Cold this morning... 48°, hard NE wind 15-18mph. Clear water, small groundswell. 

First time out this year. Fished a 5 rod spread. Had the first bite before I could sit down. Caught 3 more by 9:30, and had hooks pull on 2 more... not bad for being so cloudy.









Sent from my SM-G950U using Tapatalk


----------



## PastorJack (Jun 25, 2014)

Looks like you had a great time.


----------



## Boat-Dude (Sep 24, 2011)

Good dinner, good job John. To cold fur meh.


----------



## John B. (Oct 2, 2007)

It was really cold... I dug a hole to get out of the wind 

Sent from my SM-G950U using Tapatalk


----------



## Boat-Dude (Sep 24, 2011)

hahaha


----------



## GROUPERKING (Sep 28, 2011)

Way to go John ! I didn't know that you pompano .


----------



## John B. (Oct 2, 2007)

GROUPERKING said:


> Way to go John ! I didn't know that you pompano .


Oh yeah... wish it was as good as it used to be... 25 years ago, 4 pomps would be piss poor... I remember being a kid and being the only people on the beach... 20-30 fish days were not uncommon... now everyone is doing it. 🤷*♂. So if I don't wake up by 6, I don't waste my time trying to fight the crowds.

Sent from my SM-G950U using Tapatalk


----------



## jaster (Oct 7, 2007)

What do you look for to determine where to set up? A breaknin the bars? Or just close to the parking lot, lol


----------



## John B. (Oct 2, 2007)

jaster said:


> What do you look for to determine where to set up? A breaknin the bars? Or just close to the parking lot, lol


If the surf is about 2 feet, it makes it easier to find a hole, it'll be where the waves aren't breaking. It's essentially a wash out, where one would get caught in a rip current. If it's fat calm, I don't think it matters where you set up... a lot of people try to throw out as far as they can... I don't believe in that. Waste of time and effort. 

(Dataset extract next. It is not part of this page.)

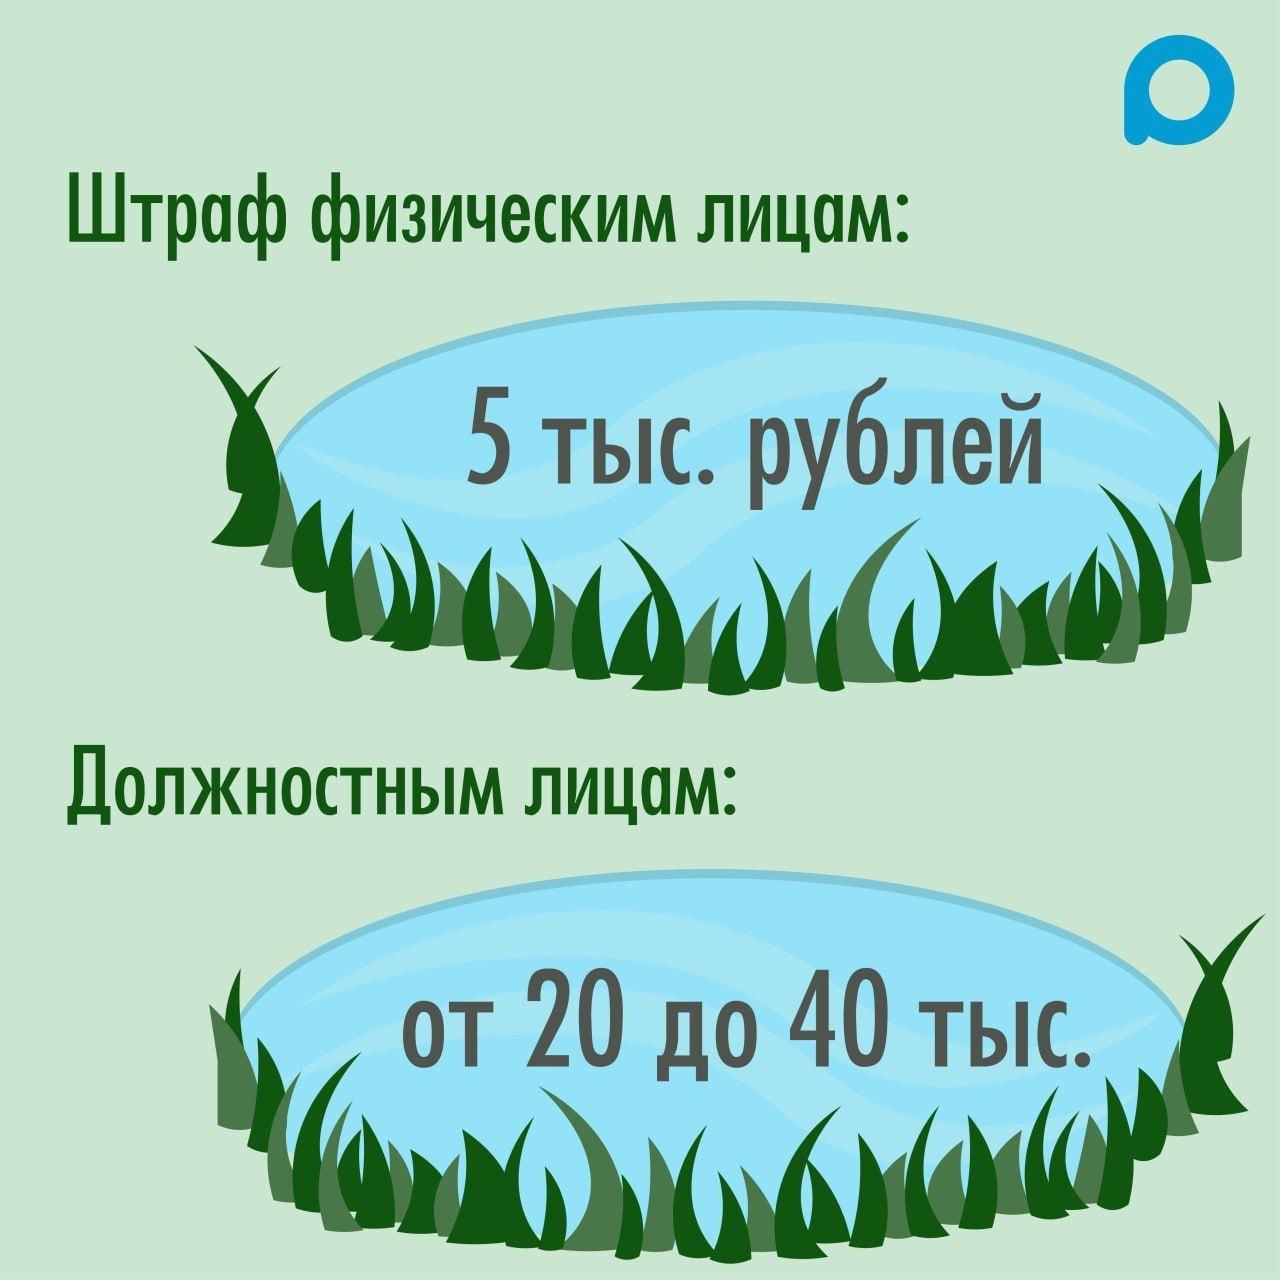 нарушение экологии для физлиц 5000 рублей, зеленоград-инфо.рф

Sent from my SM-G950U using Tapatalk


----------



## Woody Forbs (Feb 14, 2018)

What was on the hooks?

Double droppers w/ circles?


----------



## Jason (Oct 2, 2007)

Come on, you should have been at work brother!!! At least you caught enough fer you and momma!


----------



## SurfFishingMeister (Aug 18, 2015)

That amazes me that you used to catch 20 in a day! Wow absolutely unbelievable. Thanks for sharing.


----------